Девушка тотчас преобразилась. Лучезарно улыбаясь, приблизила к губам микрофон, заговорила проникновенно:

— Сегодня у нас в гостях известный американский писатель, наш бывший соотечественник Денис Гребски. — Она сунула микрофон под нос Денису — Денис, что вас привело в Москву?

— Что меня привело в Москву? — Он повторил вопрос, а про себя подумал: «Я приехал в Москву, чтобы спасти свою задницу и постараться найти то, о чем не имею ни малейшего представления!» Но выдавать данный текст в эфир было бы излишеством. Гребски заставил себя широко улыбнуться и произнес: — Я приехал по приглашению издательства, которое планирует издать мои книги в России…

Глава 7

Ну, блин, надо же было так лохануться!

— Дурой ты была сельской, дурой и осталась! — раздраженно бросил жене Федор Иванович, застегивая рубашку. — Спортсменка долбаная! Перед кем хотела выпендриться?

— Федя! Думай, что мелешь! Для тебя ж старалась. Хотела как лучше. Телевидение на весь мир и все такое…

Жена остановилась посреди холла и уперла руки в бока, как делала еще в их первой маленькой квартирке в Донецке, когда он возвращался поздно вечером от пацанов. Поза эта не предвещала ничего хорошего, но сейчас Федору Ивановичу Чивокуну было не до семейной дипломатии.

— Она старалась! Ну, прошла ты по стадиону, и я за тобой как клоун. Так ведь не показали же по ящику! Всех президентов показали, а нас нет, потому что они на трибунах сидели, а мы по стадиону маршировали. Это только в твою дурную башку могло такое втемяшиться!

Жена зашмыгала носом. Идея пройти на церемонии открытия Олимпиады вместе с олимпийской командой в самом деле принадлежала ей. Это было так здорово: пройти перед многотысячным стадионом на глазах всего мира. Будущий президент и его супруга.

— Что, правда не показали? — убитым тоном спросила она.

— Показали! — рявкнул Чивокун. — В разделе «Курьезы Олимпиады»! Так что не увидел никто ни твоего платья, ни прически за штуку баксов. Тоже мне, блин, Минерва греческая…

— Ну, Федя… слова-то выбирай… — Жена всерьез обиделась и, еще активнее хлюпая носом, скрылась за дверью спальни.

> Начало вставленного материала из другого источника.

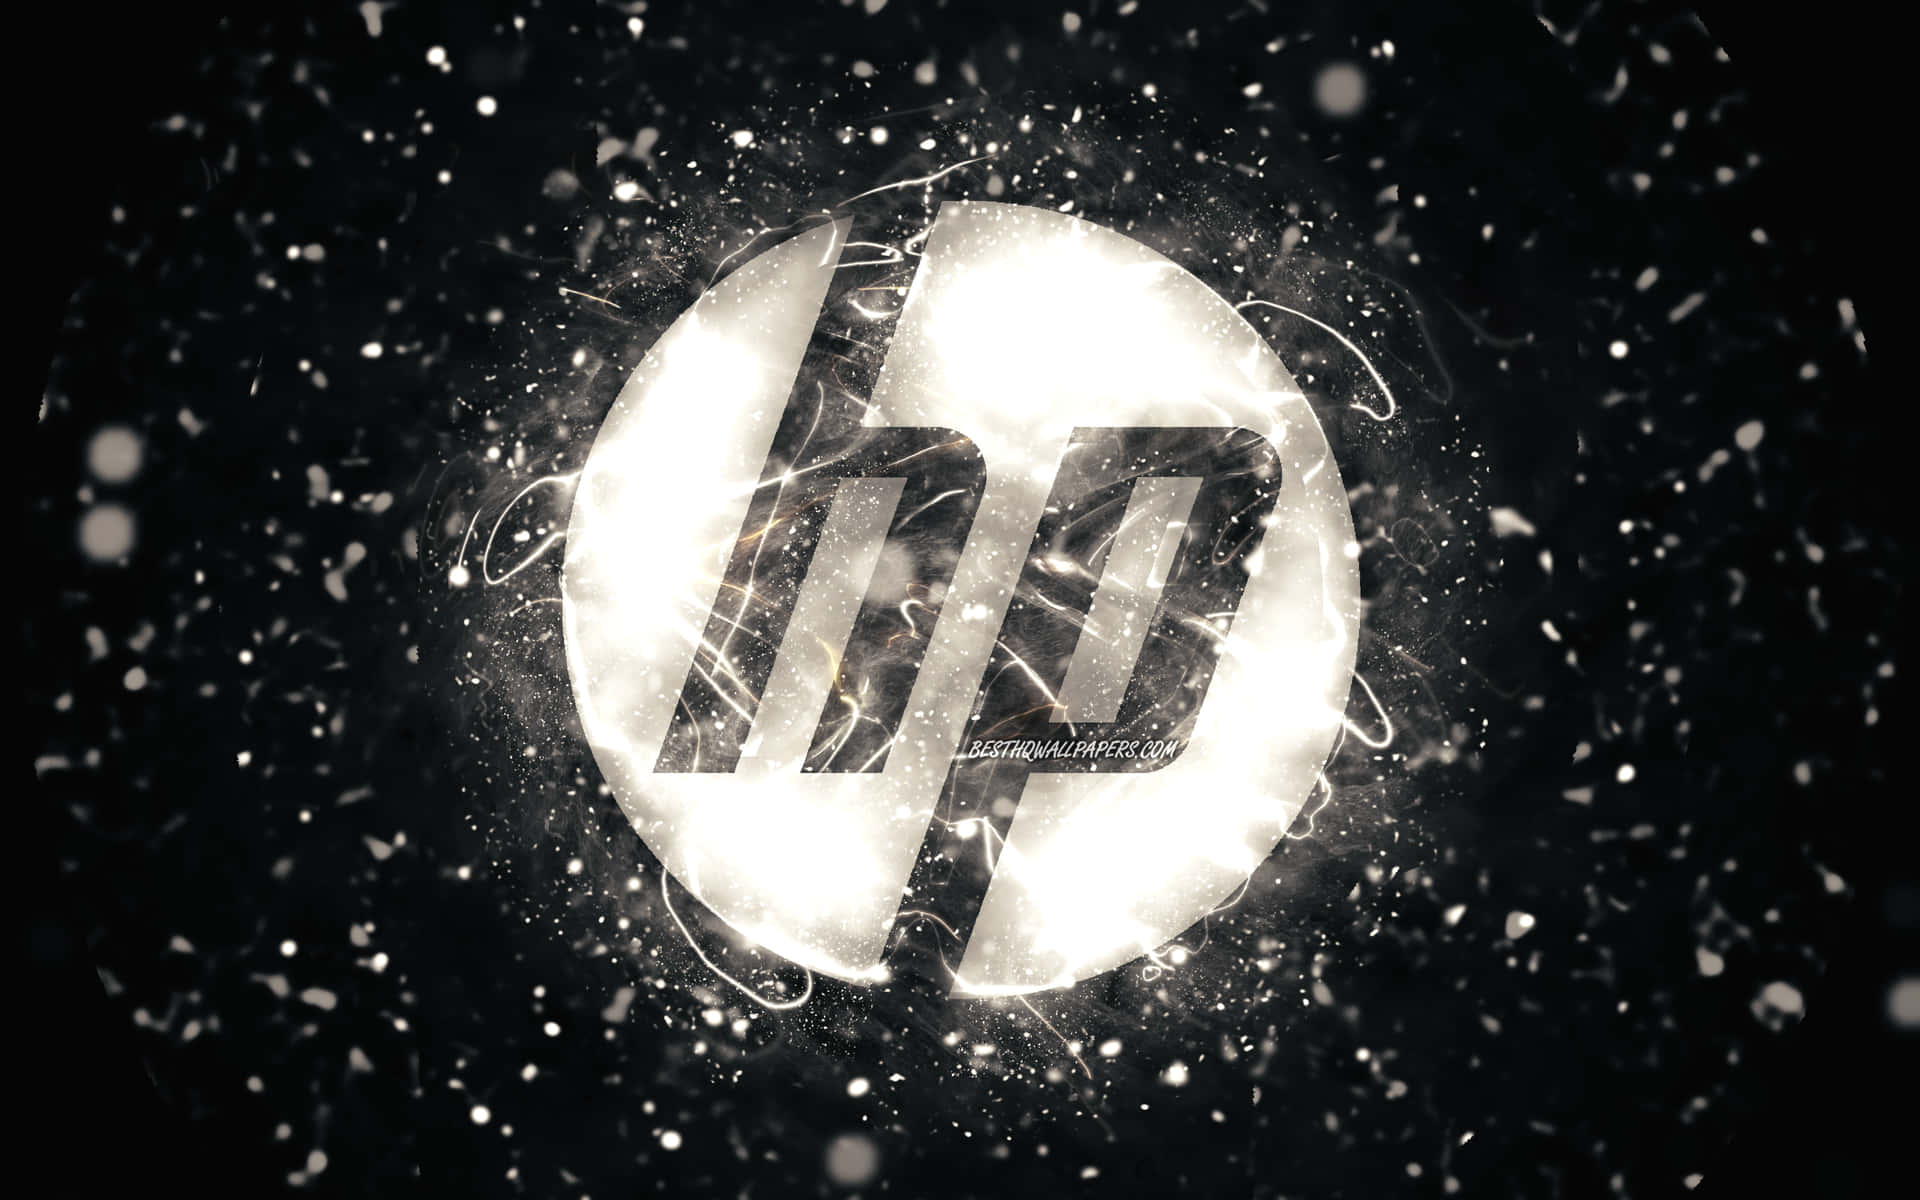 Hp Logo In The Snow Wallpaper

Федор Иванович справился наконец с непослушной застежкой на манжете, принялся за другую руку. «Ну, дура-то, конечно, дура, — подумал он, покосившись на дверь спальни. — Говорят же люди, послушай бабу и сделай наоборот. Хотя не такая уж и дура. Ведь подсуетилась же с этим пароходом, обскакали мы россиян, вчистую обскакали».

Федор Иванович с удовольствием оглядел холл роскошного пятикомнатного пентхауса на океанском лайнере. Жена задолго до Олимпиады озаботилась поисками приличного жилья в Афинах и успела, чертовка.

— Ты совсем охренела? — осведомился Федор Иванович, услышав, что аренда сверхэлитного океанского лайнера обойдется в половину стоимости подготовки всей олимпийской сборной.

— Так ведь, Федюня, другой возможности может не быть, — рассудительно сказала жена. — Выборы выборами, всякое может случиться, не приведи господи, а так нужных людей позовешь, покажешь, каким ты можешь быть благодарным и щедрым, да и россиянам нос утрем.

Так оно и получилось. Россиянам пришлось довольствоваться лайнером попроще. Арендованный ими «Вестердам» стоял неподалеку в Афинском порту Пиреи, и Федор Иванович законно гордился супругой, принимая гостей в своей шикарной обители.

Федор Иванович застегнул второй манжет и направился к выходу. Жена приоткрыла дверь:

— Федь, мы с девочками в город собирались…

— Ну так поезжайте, раз собирались, — смилостивился Федор Иванович. — Не все еще Афины скупили?

— Ну ты скажешь тоже, — отмахнулась жена. — Федь, а ты без галстука, что ли, идешь?

— Какой галстук?! — возмутился Чивокун. — Жарища несусветная! Хватит того, что по твоей милости я, как полный придурок, по стадиону шел в похоронном костюме и галстуке!

Жена испуганно юркнула за дверь.

Ну, блин, село без водопровода! Как втемяшилось ей в голову, что большой начальник должен быть в темном костюме и галстуке круглые сутки, так поленом не вышибешь!

Жара была в самом деле несусветная. Линялое небо обрушивало на узкие мощеные улочки потоки зноя, заставляя все живое прятаться по домам. Будь на то его воля, Федор Иванович и рубашку бы снял. Вон, бродят же ошалевшие от жары не то шведы, не то еще какие немцы в шортах и тапочках на босу ногу. И ничего.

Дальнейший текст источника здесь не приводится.